Ironisnya, persoalan yang berawal dari insiden senggolan di jalan itu berakhir damai dengan kompensasi sebesar Rp150.000 yang diberikan kepada korban sebagai pengganti biaya berobat.
Peristiwa tersebut terjadi pada Rabu (3/6) malam. Dalam rekaman video yang beredar luas, pengamen badut terlihat sedang berusaha menyeberang jalan. Saat itu, ia tidak sengaja bersenggolan dengan seorang pengendara motor.

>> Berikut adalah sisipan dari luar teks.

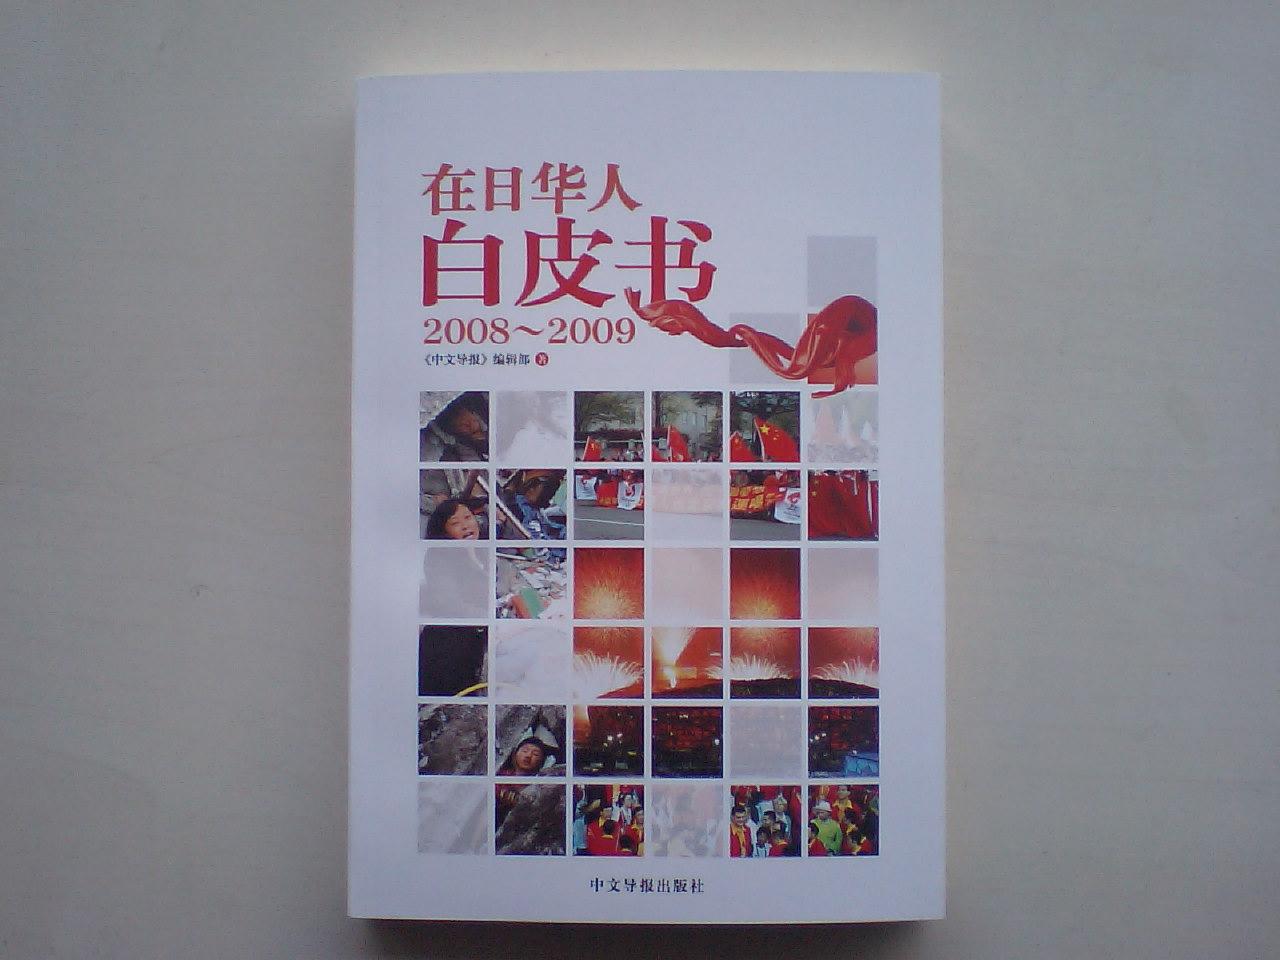 中文導報  《在日华人白皮书》新版发行_d0027795_12303445.jpg

Alih-alih berakhir sebagai insiden biasa, pengendara motor tersebut disebut berputar arah dan menghampiri pengamen badut itu. Momen itulah yang kemudian memicu dugaan tindakan kekerasan terhadap sang pengamen.
Video Cepat Viral
Video kejadian tersebut dengan cepat menyebar di media sosial dan memantik berbagai reaksi dari masyarakat.
Belakangan diketahui bahwa pengendara motor yang terlibat dalam perselisihan tersebut merupakan oknum anggota Polres Tuban.
Kasi Propam Polres Tuban, Iptu Abdul Latif Reksonegoro mengatakan, persoalan tersebut saat ini diketahui telah diselesaikan secara damai oleh kedua belah pihak.
Selain itu, pihak pengendara telah diberikan ganti rugi atas kerugian yang dialami. Selain itu, pengamen badut yang diketahui berasal dari Jawa Tengah juga menyampaikan bahwa persoalan telah selesai.
"Kasusnya sudah diselesaikan secara kekeluargaan dan pengendara juga telah diberikan ganti rugi atas kerugian yang dialami," katanya, Sabtu (6/6).
Mediasi
Mediasi antara korban dan pelaku, sebutnya, telah dilakukan di kantor polisi. Sang badut, tambahnya, juga menerima uang kompensasi dari oknum polisi sebesar Rp150 ribu. Uang itu diberikan kepada korban sebagai ganti biaya berobat.
"Sudah berdamai keduanya sepakat untuk menyelesaikan secara kekeluargaan dan korban juga diberikan uang Rp150 ribu," katanya.
Ia kembali menjelaskan, meski keduanya sudah bersepakat damai, namun untuk proses sidang kode etik bagi oknum polisi yang diduga melanggar peraturan itu akan tetap digelar.
"Tapi untuk pelanggaran kode etik polisi kita tetap proses," tegasnya.
Pihaknya juga menegaskan, tidak ada oknum polisi yang kebal hukum. Jika mereka bersalah maka propam akan menindak oknum polisi tersebut dan melakukan sidang.